The official record suggests a mix of remote and in-person participation through a hospital, with sites including Centre for Addiction and Mental Health in Toronto. Participation appears to involve questionnaires, interviews, or regular check-ins about day-to-day experience. The main fit is usually matching the main diagnosis and being able to understand the study and consent, while common reasons not to take part include other factors that could make participation unsuitable and other treatments that could interfere with the study.
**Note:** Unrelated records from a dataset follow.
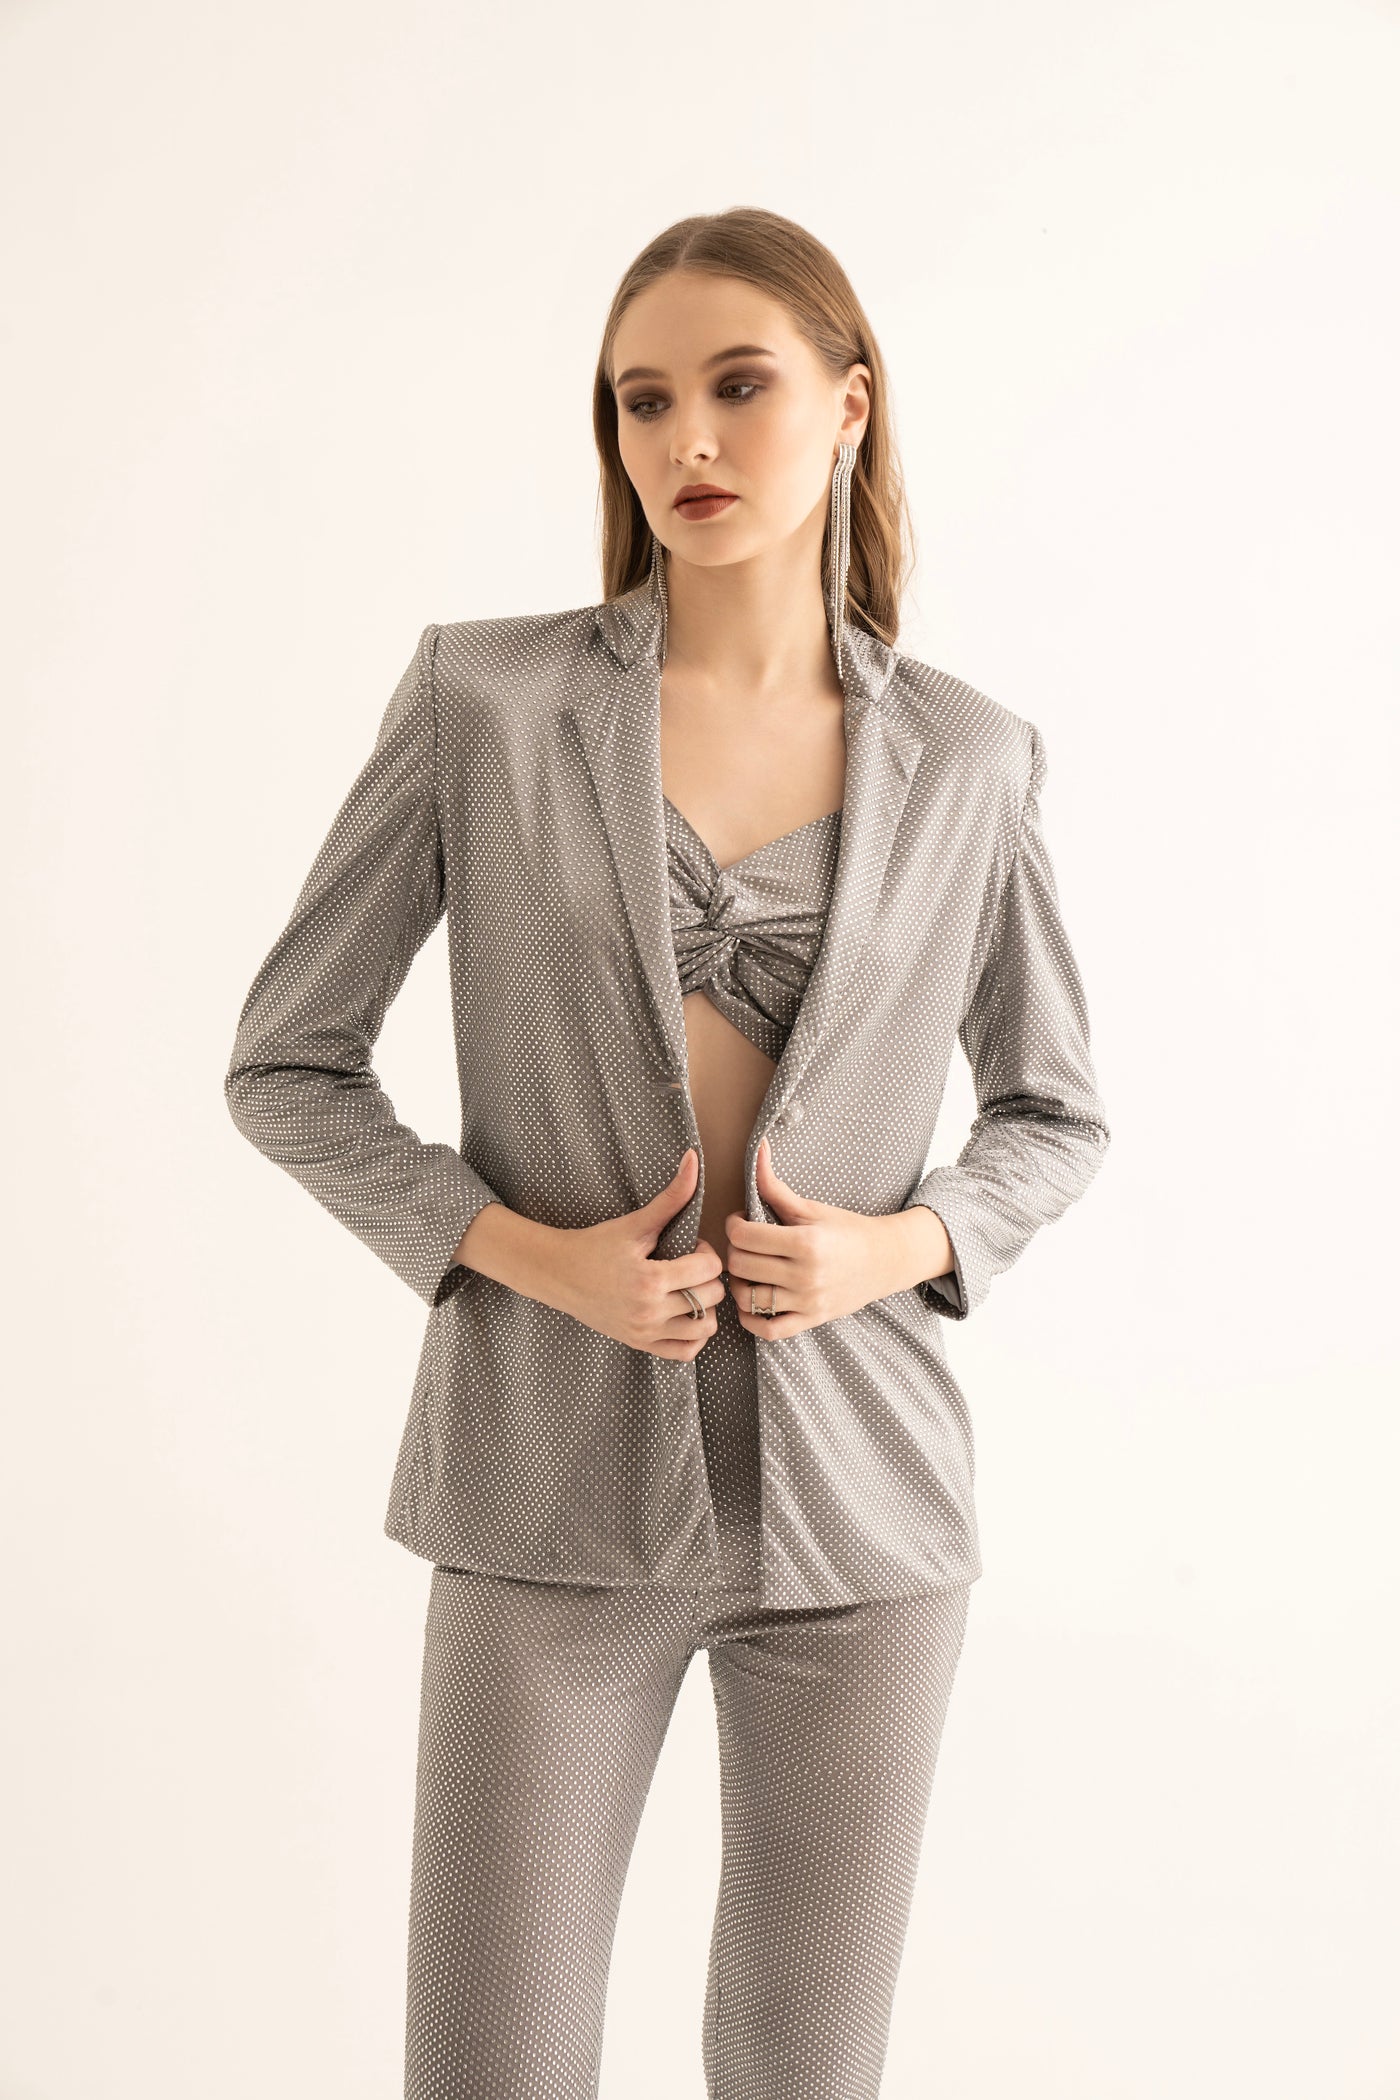 Silver Rhinestone Blazer and Bell Bottoms Co-ord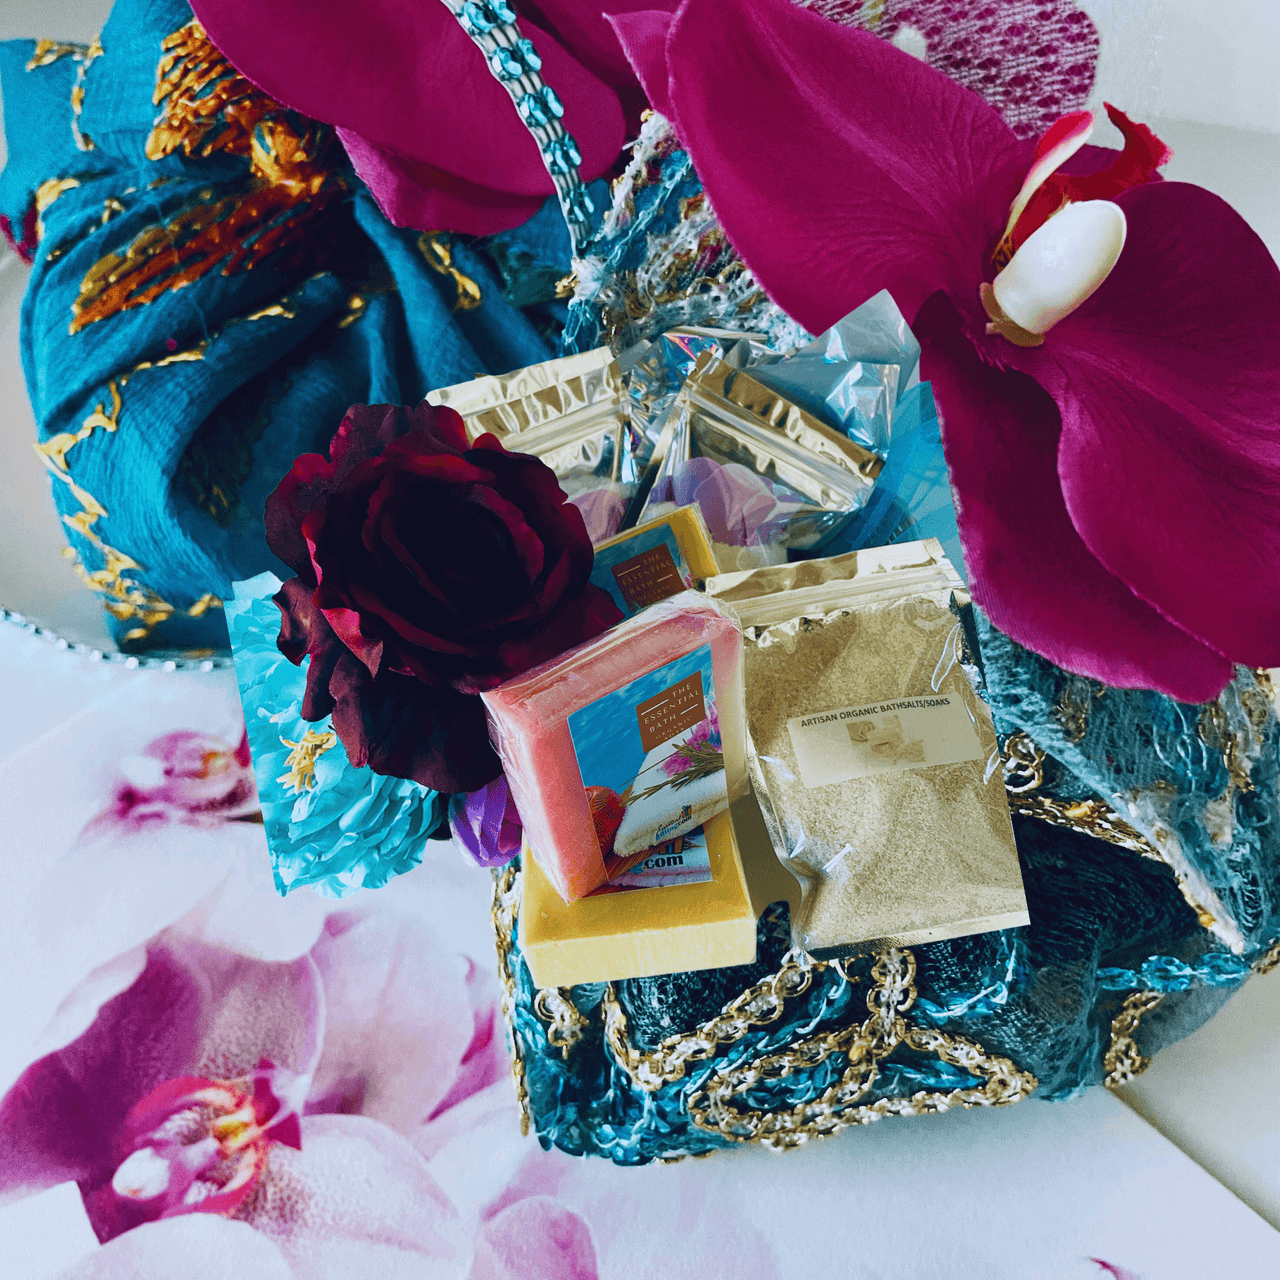 Vibrant artisan handcrafted bar soaps with floral elements, wrapped in a decorative box.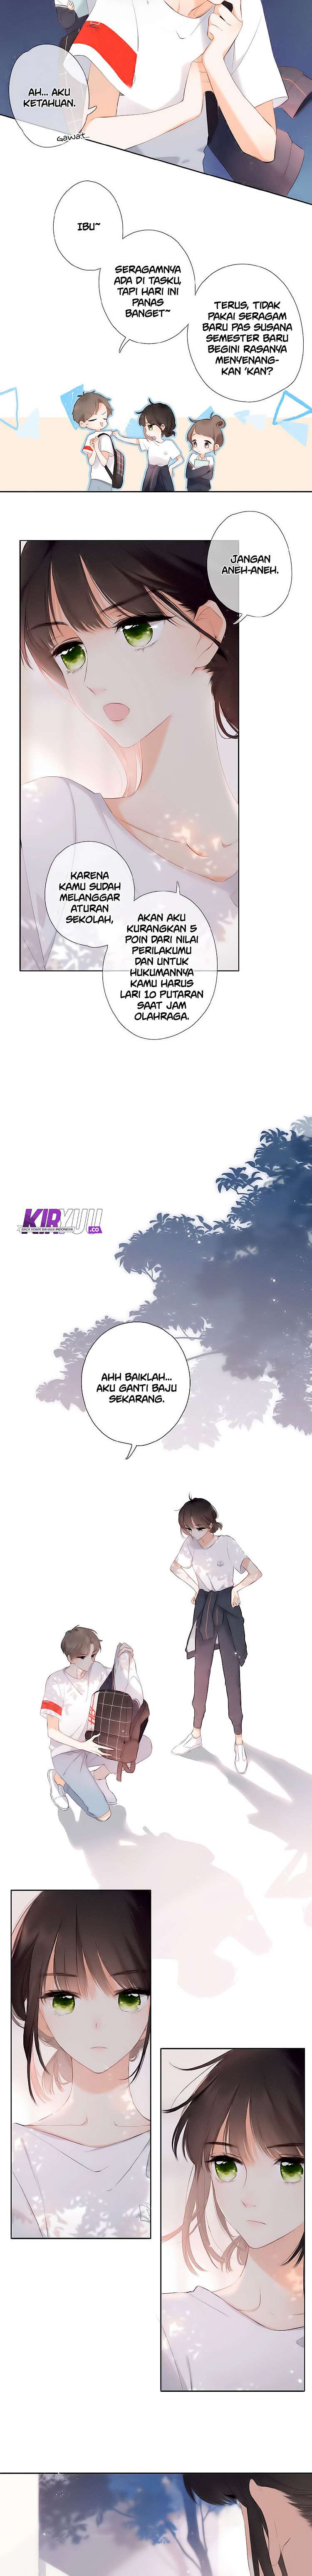 Once More Chapter 01.2 4

The official record does not list a formal phase, which usually means this is focused more on feasibility, delivery, or support than a standard drug-development stage.

Official source

Registry reference

This page links back to the public source record so people can verify details directly with the registry and research team.

If you want the full study description, eligibility criteria, locations, and sponsor information in the original format, this is the place to check before taking the next step.

Open source record
Interested?

Check my eligibility

Study reference: NCT06672562. Your email is the only field you need to provide here.
In practice

For you

Taking part may help improve understanding of your condition.

It requires regular follow-up, often through questionnaires or interviews.

Mixes in-person and remote participation.